To do - Transcribe the data exactly, omitting whatever pictures it holds.

Data segment -
^^^^

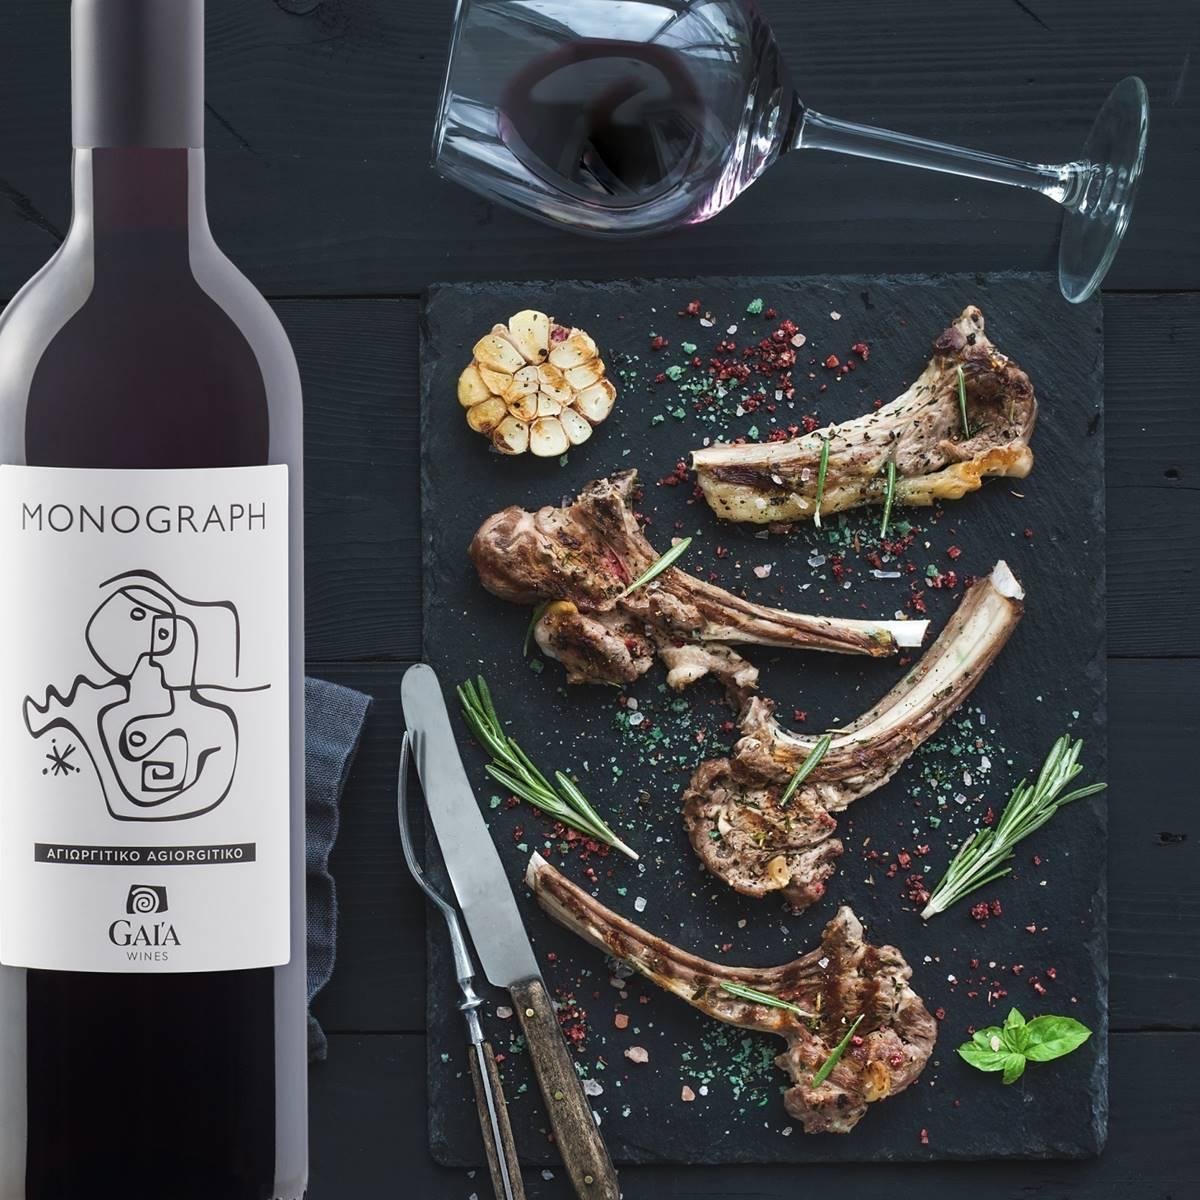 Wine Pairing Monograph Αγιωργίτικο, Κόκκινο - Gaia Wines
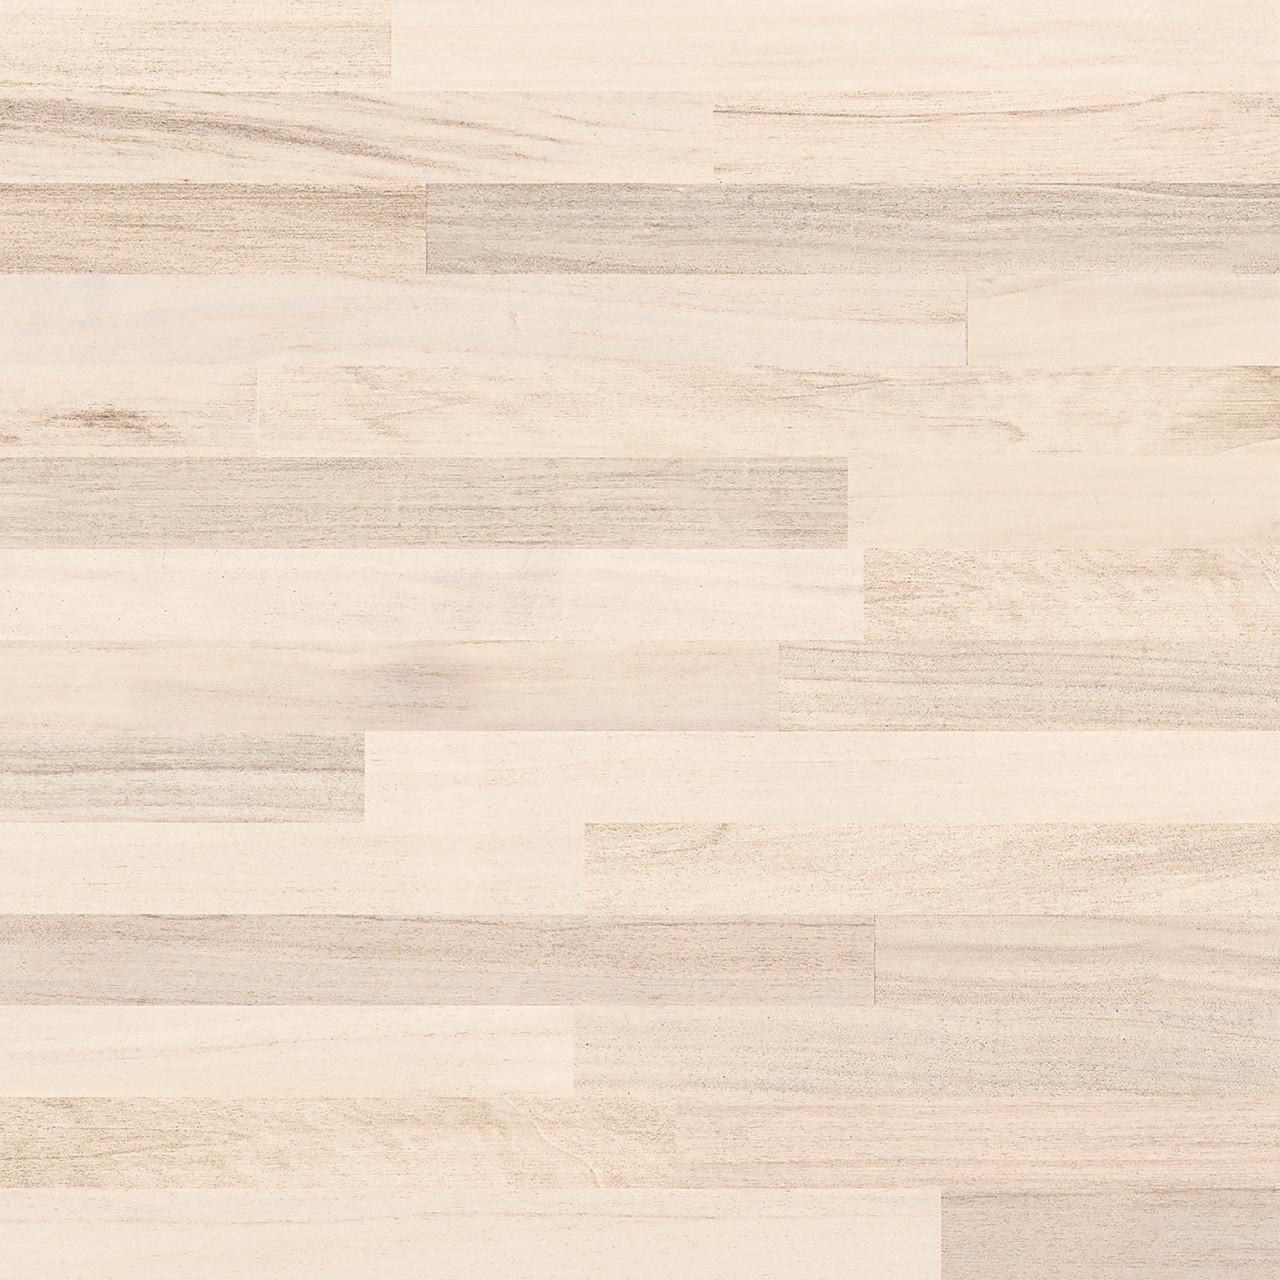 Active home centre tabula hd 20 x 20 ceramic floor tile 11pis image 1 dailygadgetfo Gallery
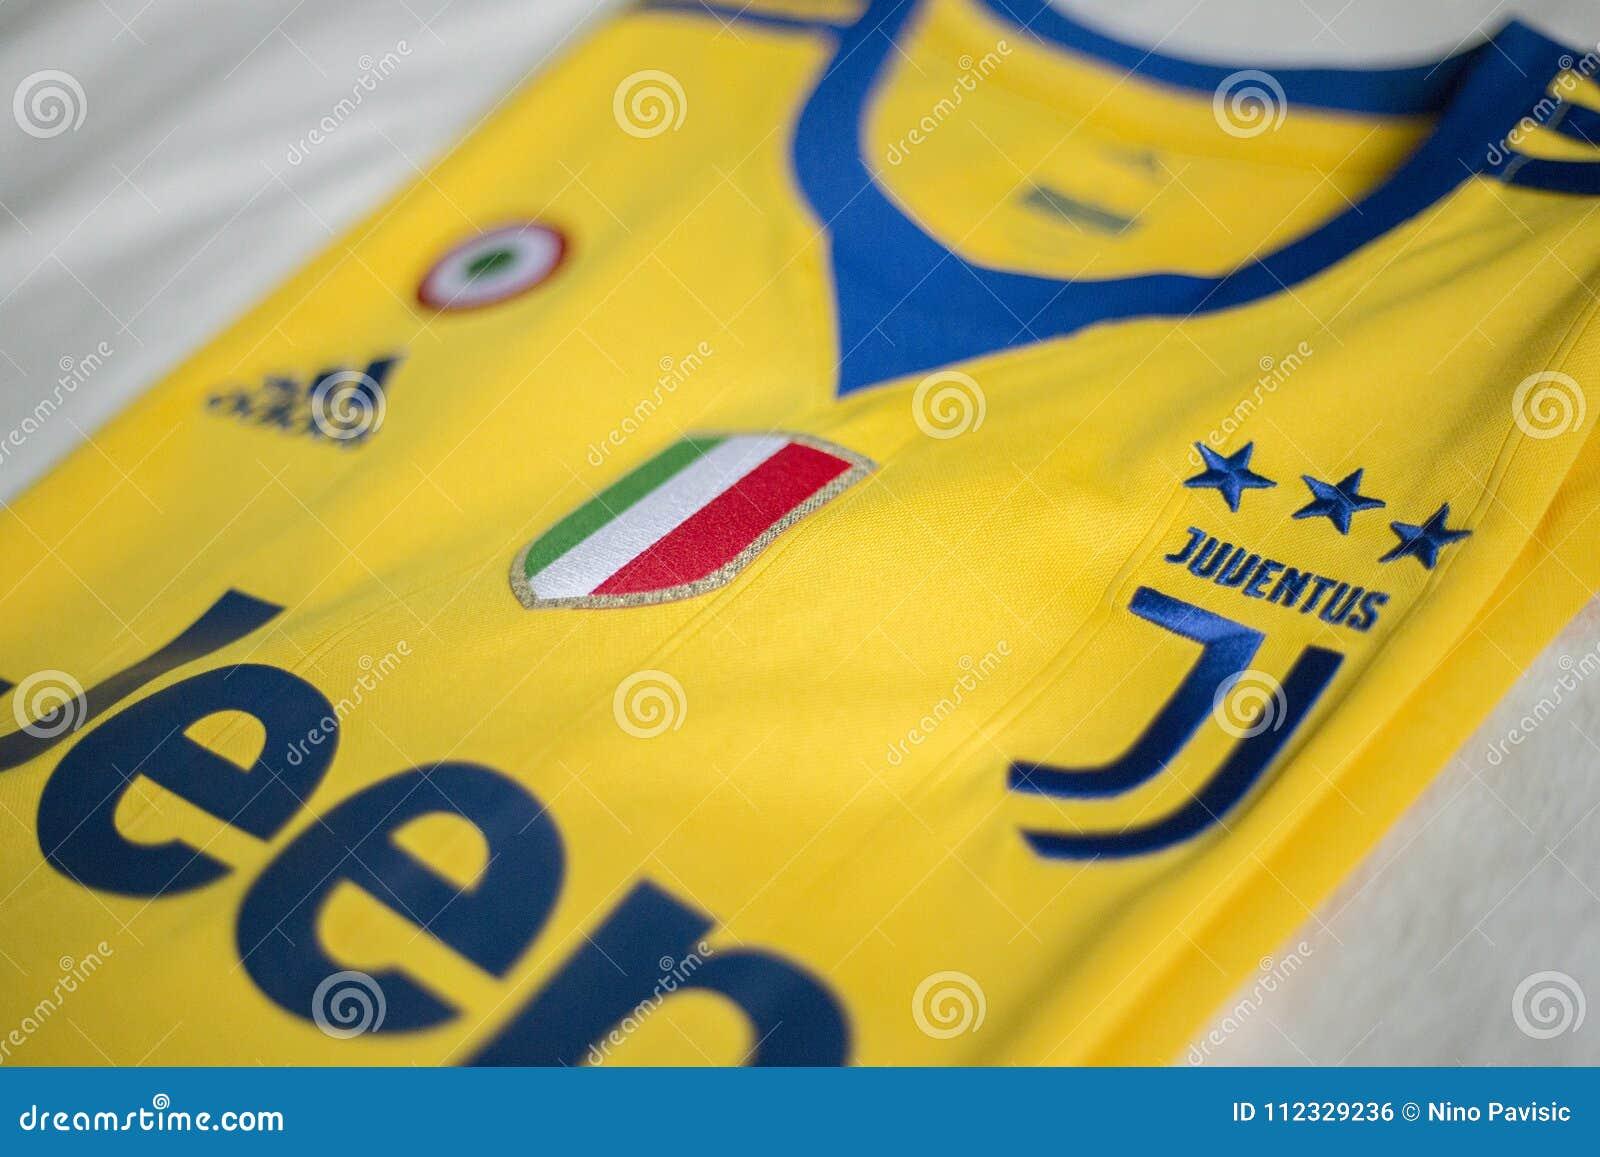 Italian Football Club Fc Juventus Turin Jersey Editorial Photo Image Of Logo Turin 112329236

^^^^

Answer -
 Wine Pairing Monograph Αγιωργίτικο, Κόκκινο - Gaia Wines
 Active home centre tabula hd 20 x 20 ceramic floor tile 11pis image 1 dailygadgetfo Gallery
 Italian Football Club Fc Juventus Turin Jersey Editorial Photo Image Of Logo Turin 112329236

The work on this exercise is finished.